I bought this on a whim at Target on clearance in large part because I have a Kelty Redwing and Kelty makes great products. Just a note: I have never bought my "outdoor gear" from Target and go to EMS or LL Bean generally. I knew the brand, looked it over, and felt that I could use this. I have had no problems and it is a nice addition for shorter hikes and for general outside activities. 

First, there have been some gripes about this model--mainly due to "leaking gaskets" and problems with the bladder not allowing water to come into the tube. When I saw these reviews, the first thing I did when I took the bag out was to fill the bladder and gently press to see if there were any leaks. None. I will note that you do have to tighten the hatch very tightly and be sure that it is oriented at the TOP of the bladder as you insert it into the bag. I took it out for a three hour walk and no leaks and no water problems. The mouth piece does have a blue rubber cap that you keep on it to prevent water from coming out and keeping it clean, so be sure to remove it when you want a drink. It worked very well. 

In terms of the design of the bag, it is the largest hydration pack of this type I have seen. It has 590 cubic inches of carrying space and includes a 2 L bladder that sits inside the back portion of the bag. EMS has one that only has half as much cargo space. This little pack is good for shorter hikes, skiing or boarding (on warmer days and KEEP IT INSIDE YOUR COAT so that the water doesn't freeze), biking, etc. It fits very well. The straps adjust very well and easily. It is compact and the outside strap is handy to through a windbreaker or shirt on the outside so that it is easy to grab. 

The outside mesh pockets are handy as well. 

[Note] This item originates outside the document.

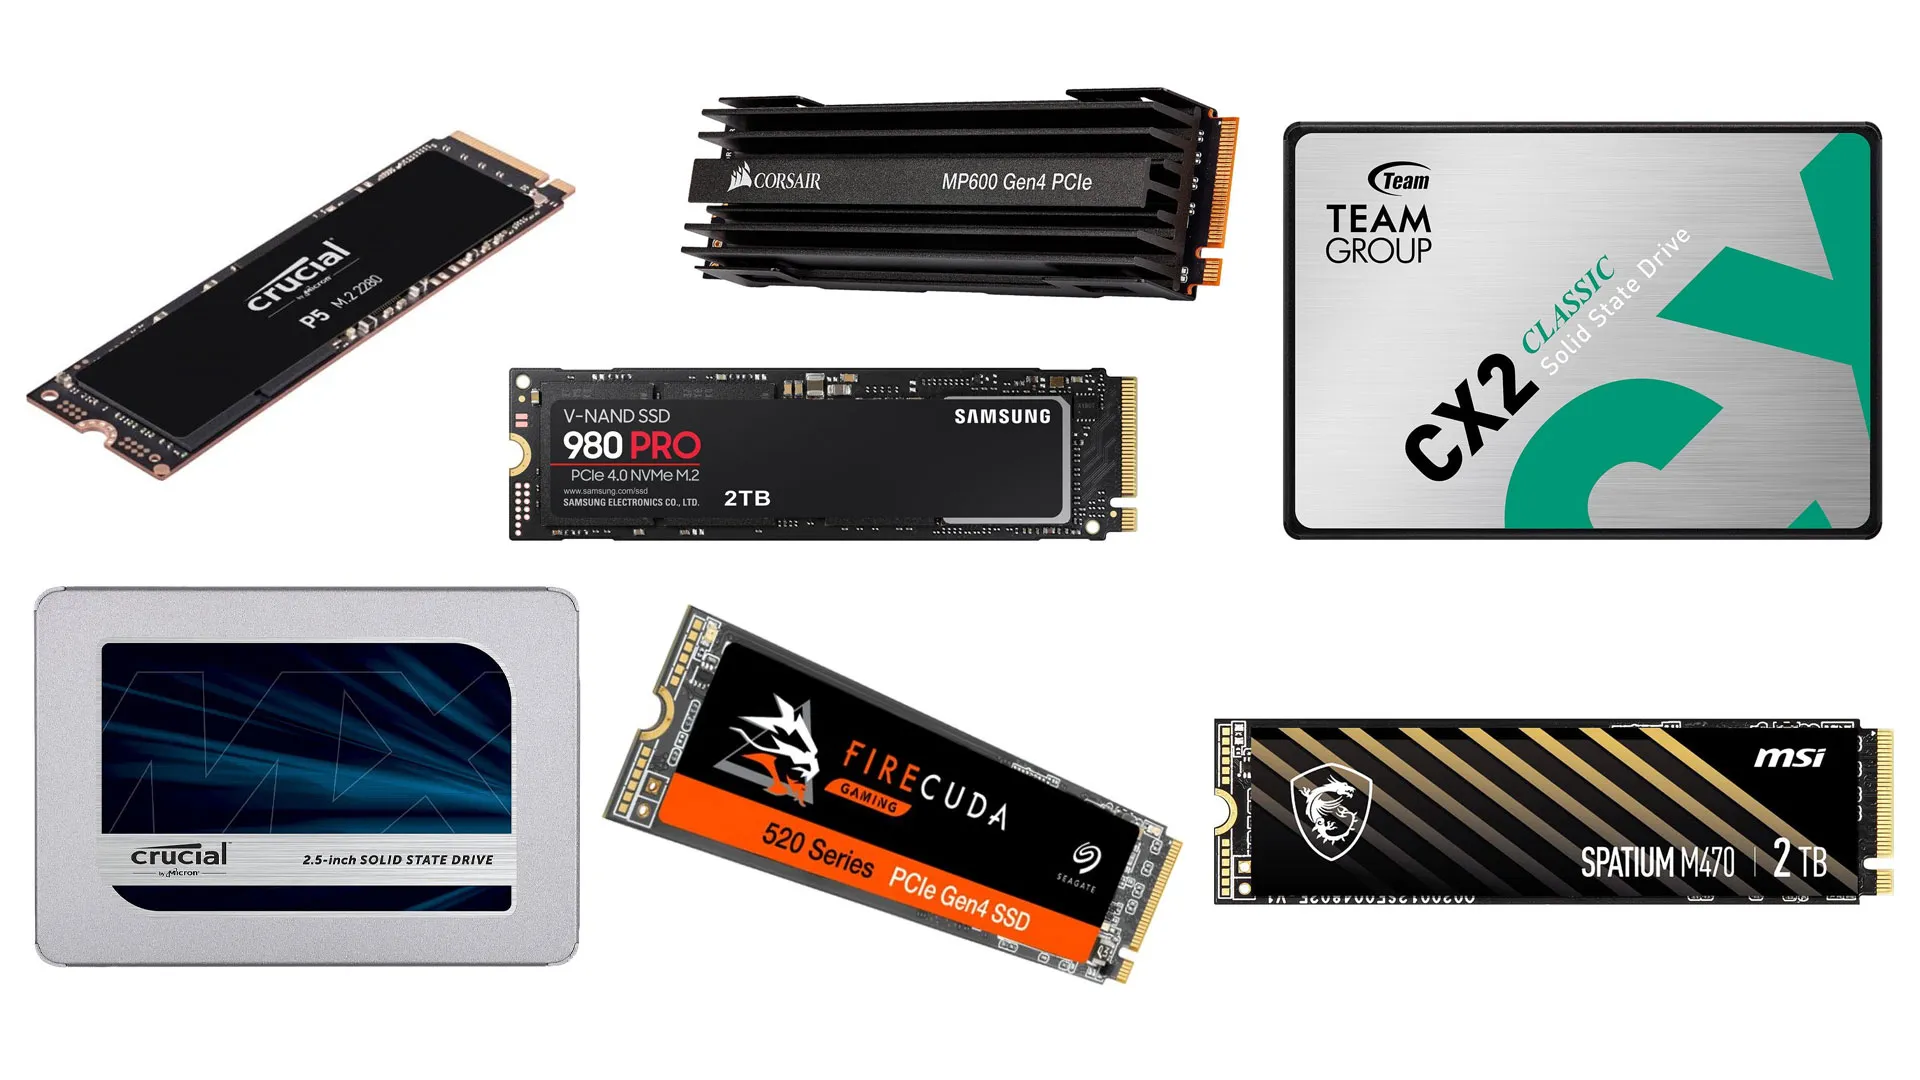 kobling Jet Playful Best SSD deals for PC gaming this Black Friday and Cyber Monday week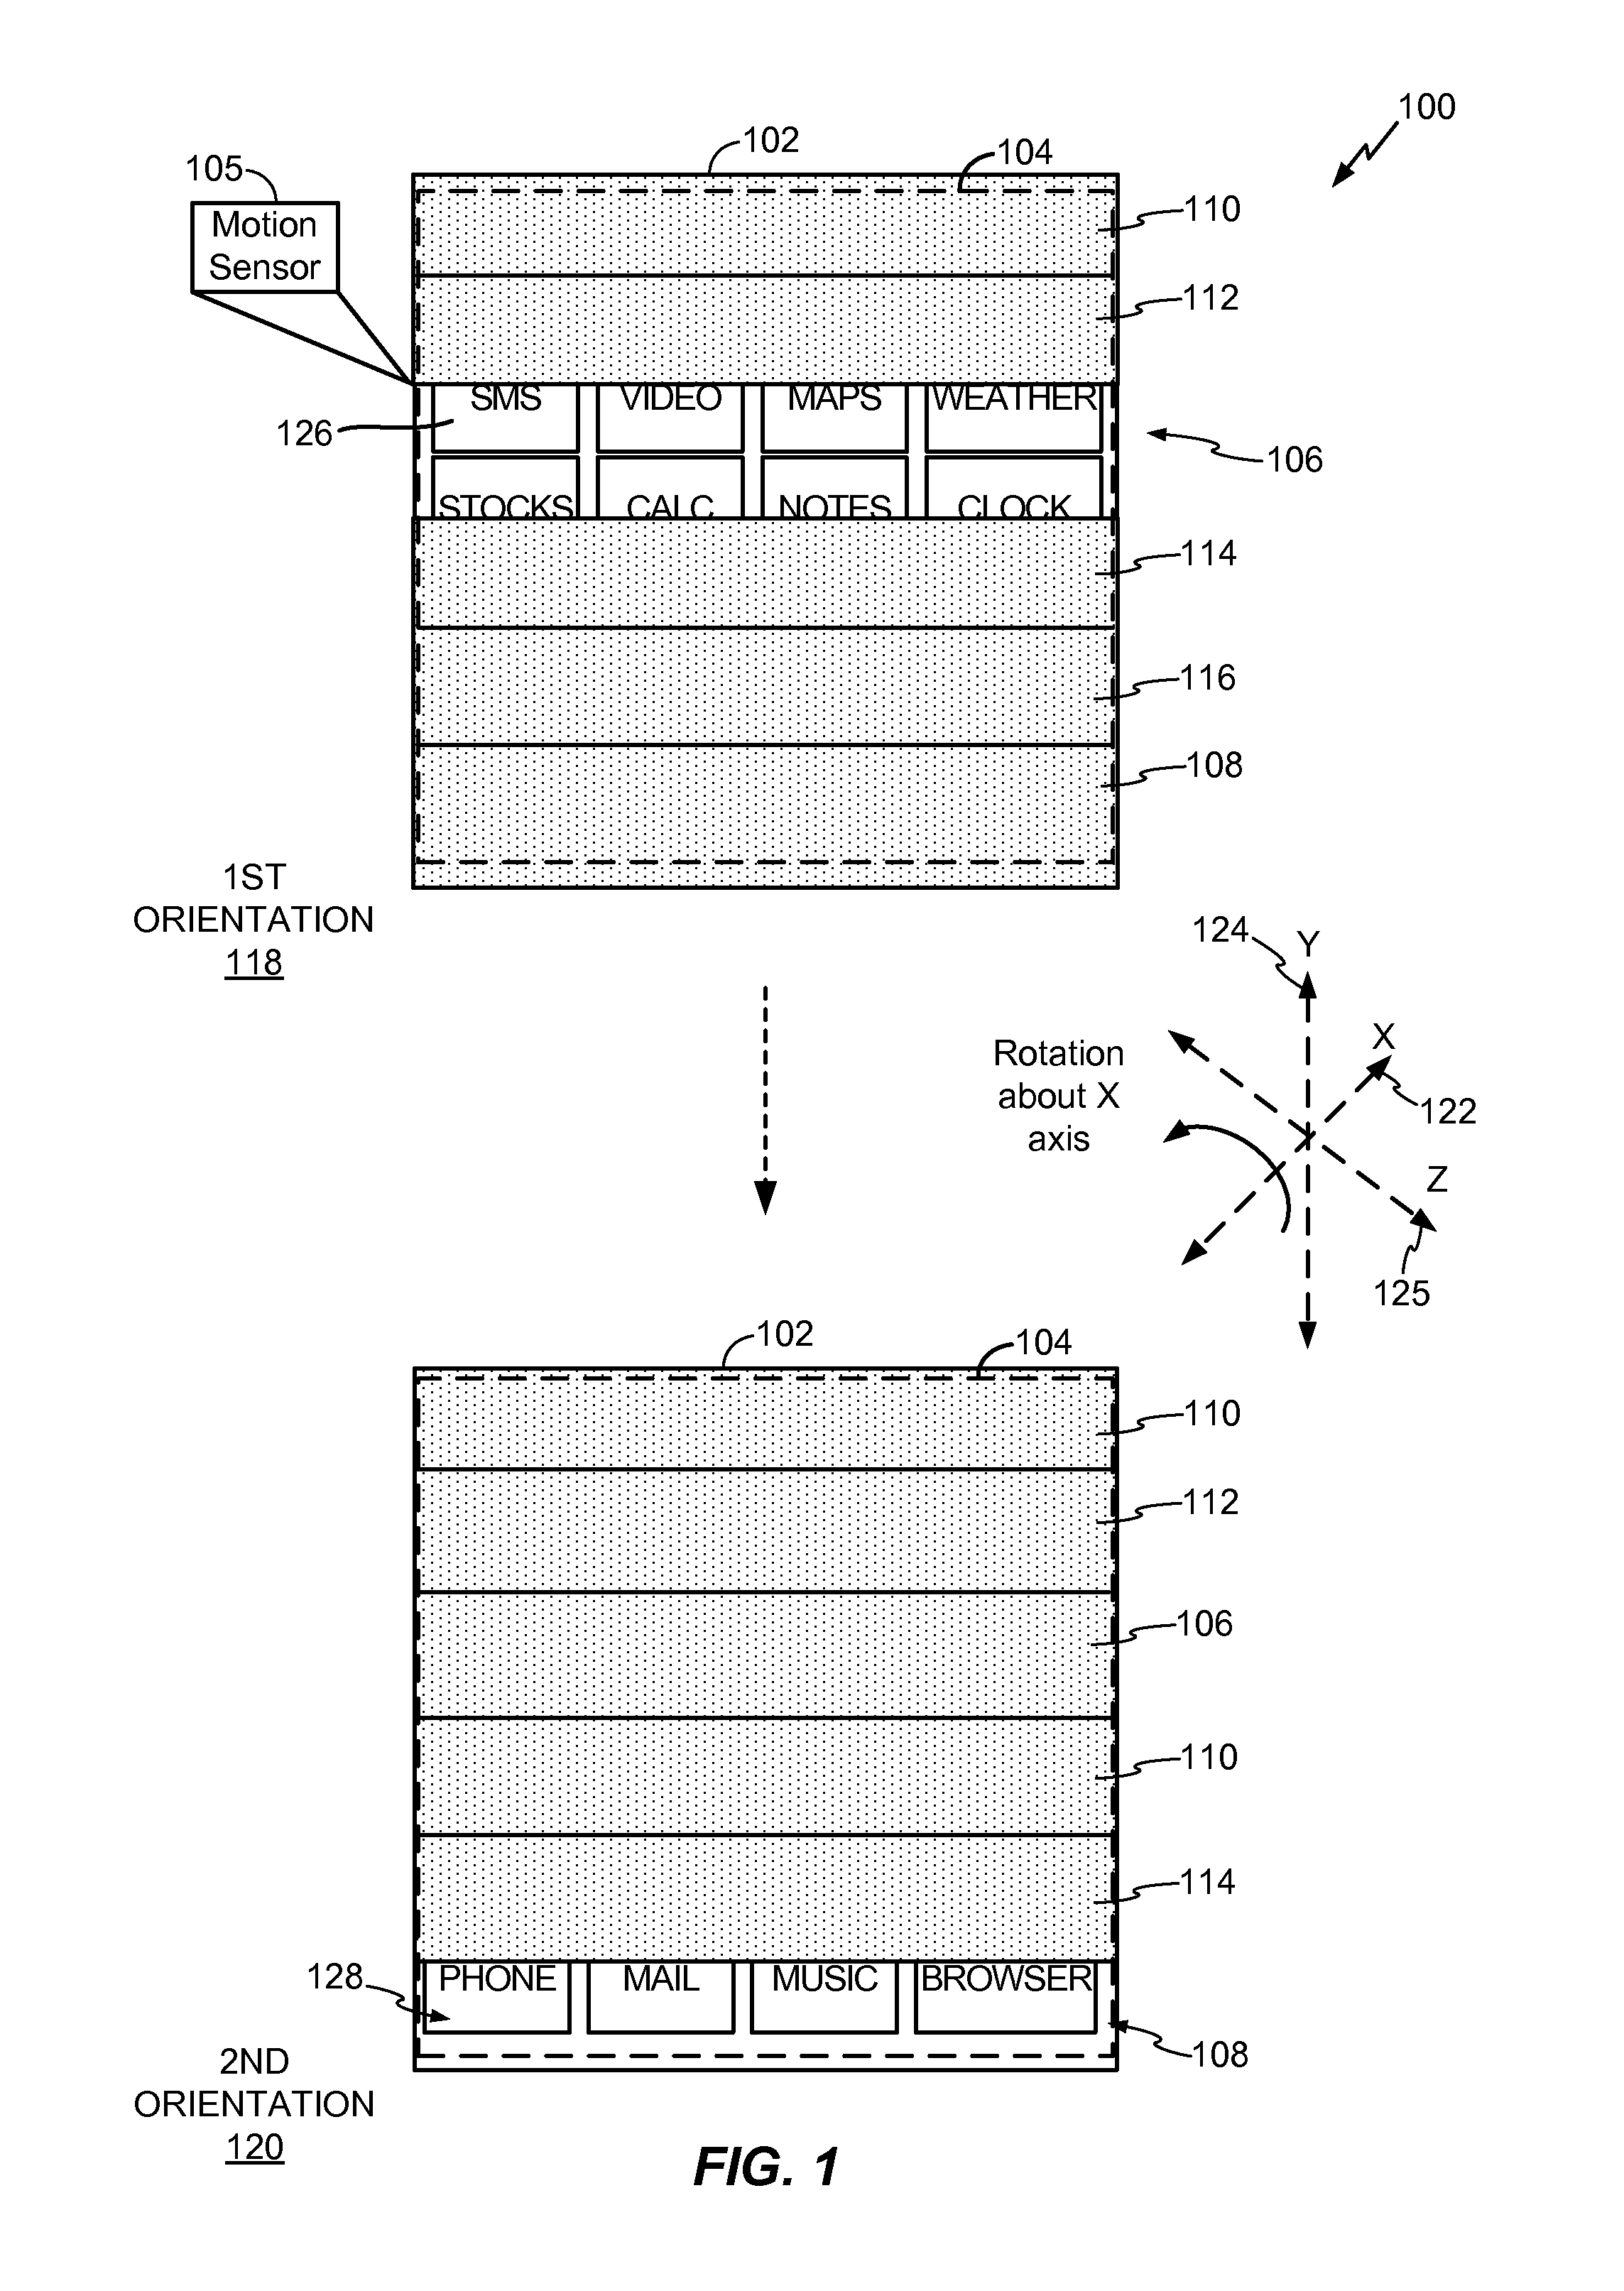 Extending battery life of a portable electronic device

This is a good value and no problems yet, but I was sure to look mine over before buying it and use lots of outdoors gear.


----------



## Mildcat (Oct 19, 2010)

How much was it? I may have to see if my local Target has any in stock. I've been looking for a small hydration pack for shorter hikes and skiing. I have a Camelback bladder with an insulated tube I could throw in there.


----------



## Mildcat (Oct 19, 2010)

Now that I think about it I have a pair of hotronix I don't use anymore. I wonder if I could rig those up to keep the water from freezing while skiing.


----------



## thetrailboss (Oct 20, 2010)

It was originally $55 and on sale for $44.


----------



## thetrailboss (Dec 29, 2010)

Follow up: I have used it for hiking and for four ski days at Loveland and Alta. NO leaks. NO problems. It is large enough that I could through in a snack or two as well as my fleece vest. A very good value and it makes the ski days better! :beer:  It fits on the outside or inside of a coat.  No freezing issues.


----------



## thetrailboss (Dec 29, 2010)

Oh yeah mine is red:


----------



## thetrailboss (Jul 6, 2011)

Follow up:  I am contacting Kelty because it appears that the leaks are due to the "O" ring in the hydration pack and though mine drips slowly it does leak and makes everything wet in your bag.  I will let you know what I find out.


----------



## thetrailboss (Jul 8, 2011)

Well, the hydration reservoir leaked like hell yesterday and I had to cut my hikes short.  I did some research on Kelty's site, and based on this entry in the "FAQ" section, it looks like the reservoir is made by a company named TFO and that based on this specific entry there have been other problems with the reservoirs as well:  



> *TFO® Warranty*
> TFO warrants all OEM products to be free from defects in workmanship and materials for one year from the date of purchase by the consumer. (Normal wear is not a defect.) If you are not satisfied with the performance of a TFO OEM product, TFO will repair or replace it under the following programs:
> 
> Return to Dealer or Manufacturer: If a consumer returns a TFO OEM product to the dealer or pack manufacturer, TFO will replace the product directly to the manufacturer upon the return of the defective product to TFO.
> ...




I need my bag and reservoir.  So I got a replacement bag made by Nalgene/Osprey that got great reviews from users.  I was wary of Camelback's version which was very similar to what I have.  Apparently the Nalgene/Osprey version is rigid so that it doesn't droop in the bag.


----------



## Nick (Jul 8, 2011)

This looks a lot like my Camelback MULE pack, which I've had for about seven years.


----------



## o3jeff (Jul 8, 2011)

I really like the Hydrapak set up I am using and it's also easy to clean since you can turn the baldder inside out. Probably going on 2 years with it.

http://www.hydrapak.com/


----------



## thetrailboss (Jul 8, 2011)

So *this is what I went with.* 










The 2 L version.  

Got it from Backcountry.com. Since they are here in SLC, the box just showed up. It fits like a glove and looks much better. It is rigid, so no more drooping.


----------



## thetrailboss (Aug 4, 2011)

Update: apparently Kelty is really busy with warranty claims, or have had so many complaints about the no-name bladder that they are not going to respond to me. Based on their site, it seems that they are pointing people to the manufacturer directly and passing the buck. So when I get back to SLC where the bladder is on my shelf I will call them up and get rid of it. 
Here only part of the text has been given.